プール
もう一度水面に目をやる。相変わらず半袖の学生服の僕が浮かんでいた。
あの水面に浮かぶ僕は、僕であり、双子の僕かもしれない。そして、ここにいる僕もまた僕であり、僕ではないのだろう。僕たちはひとつだから。
目を伏せる。セーラー服のスカートの裾が重い色をしていると感じた。なぜ僕たちは子供の象徴のような格好をしているのだろう。それはきっと僕がこの時から抜け出せないからだ。
水面に浮かぶ僕。水辺に佇む僕。そして双子の「あれ」……死んでしまったあの人。
そのとき、ふと、思い出す。
「あれ」は<千草>という名をしていた。
僕は<千早>という名をしていた。
名に意味があるのかは知らない。それでもそれは僕を僕として存在させていた。あれをあれとして存在させていた。
「ちはや」
そう呼ばれて、振り返る、錯覚。
もう二度と呼ばれることのない声。
そもそもあれが僕の後ろにいることもないだろう。僕を呼び掛けることもない。本当の声で。
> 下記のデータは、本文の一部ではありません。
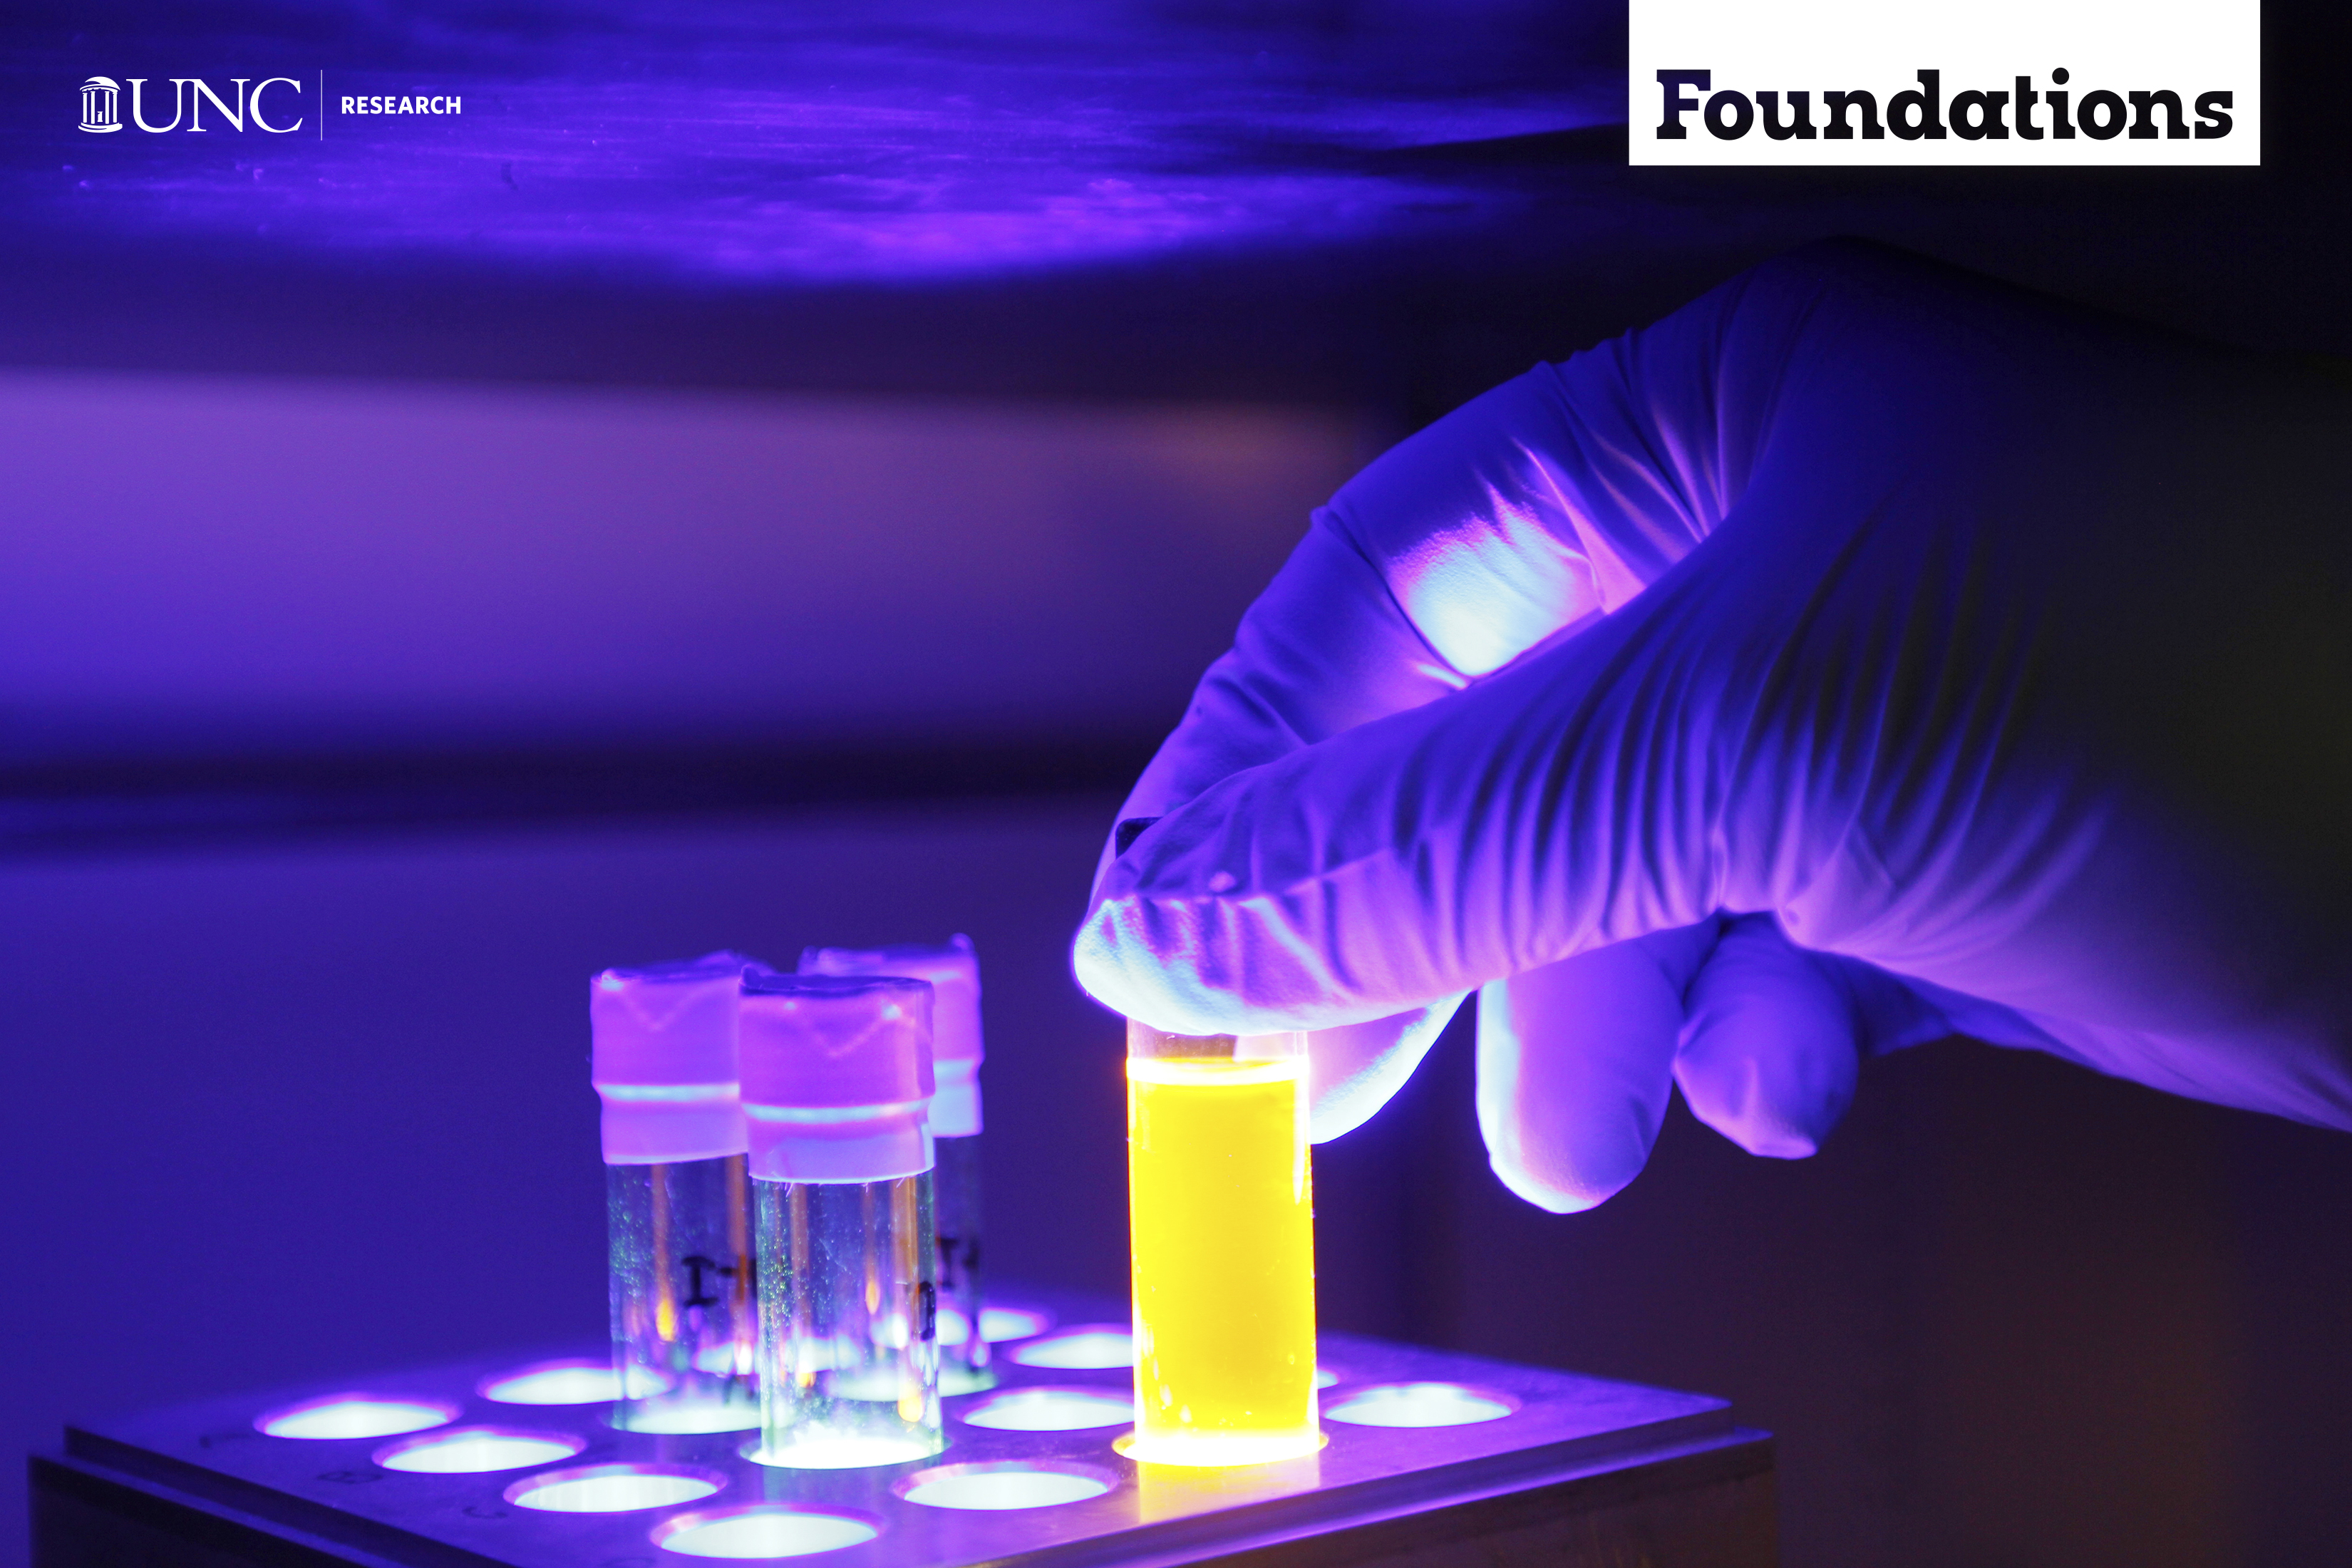 a blacklight makes everything purple while a gloved hand places a test tube full of yellow fluid into a a test tube tray

僕はいつもあれの後を追いかけていた。いつだって追いつけないのに。それでも置いて行かれないように必死で追いかけていた。あれの姿を見ないふりをして、知らないふりをして、それでも追いかけていた。泣きながら。
そのうちあれがどこにいるのかも分からなくなった。前にいるのか後ろにいるのか、どこにもいないのか。
「千早」
声が聞こえる。「あれ」……「千草」の声だ。僕の声だ。
水面に浮かぶ僕が言ったのか、水面に浮かぶ千草が言ったのか感覚は混濁してゆく。ここにいる僕が、千草なのかもしれない。すべてはあやふやで水に溶けていくよう。
声は響く。
「千早、いつだって。お前を見てたよ」
僕はぼんやりした頭でその言葉を反芻する。そう、そうだったのだろう……。泣きたくて、泣けない、そんな行き場のない心。本当は、本当は……。
愚かなのは僕だ。僕は自分に目隠しをして何も見えないようにしていた。自分を傷つけて、千草のことを見ようともしなかった。千草だって傷ついていたかもしれないのに。
千草はいつだって僕を見ていた。
僕はそのことに気付かなかった。気付こうとしなかった。僕たちは生まれたときからずっと一緒にいたのに。離れていこうとしたのは僕の方だ。僕は自分の愚かな劣等感や、孤独感から勝手に千草を遠ざけた。
千草といると、千早(僕)という存在は隠れていなくなってしまうように感じていたから。
僕は千草の双子のきょうだいでしかない。それが僕の存在価値だ。僕はおまけでしかない、そう思いこんだ。
ああ、けれど千草はいない。
千草はもう生きられない。あの時のまま永遠に止まってしまっている。もうどこにもいないのだ。
そう、千草の命を奪ったのは僕だ。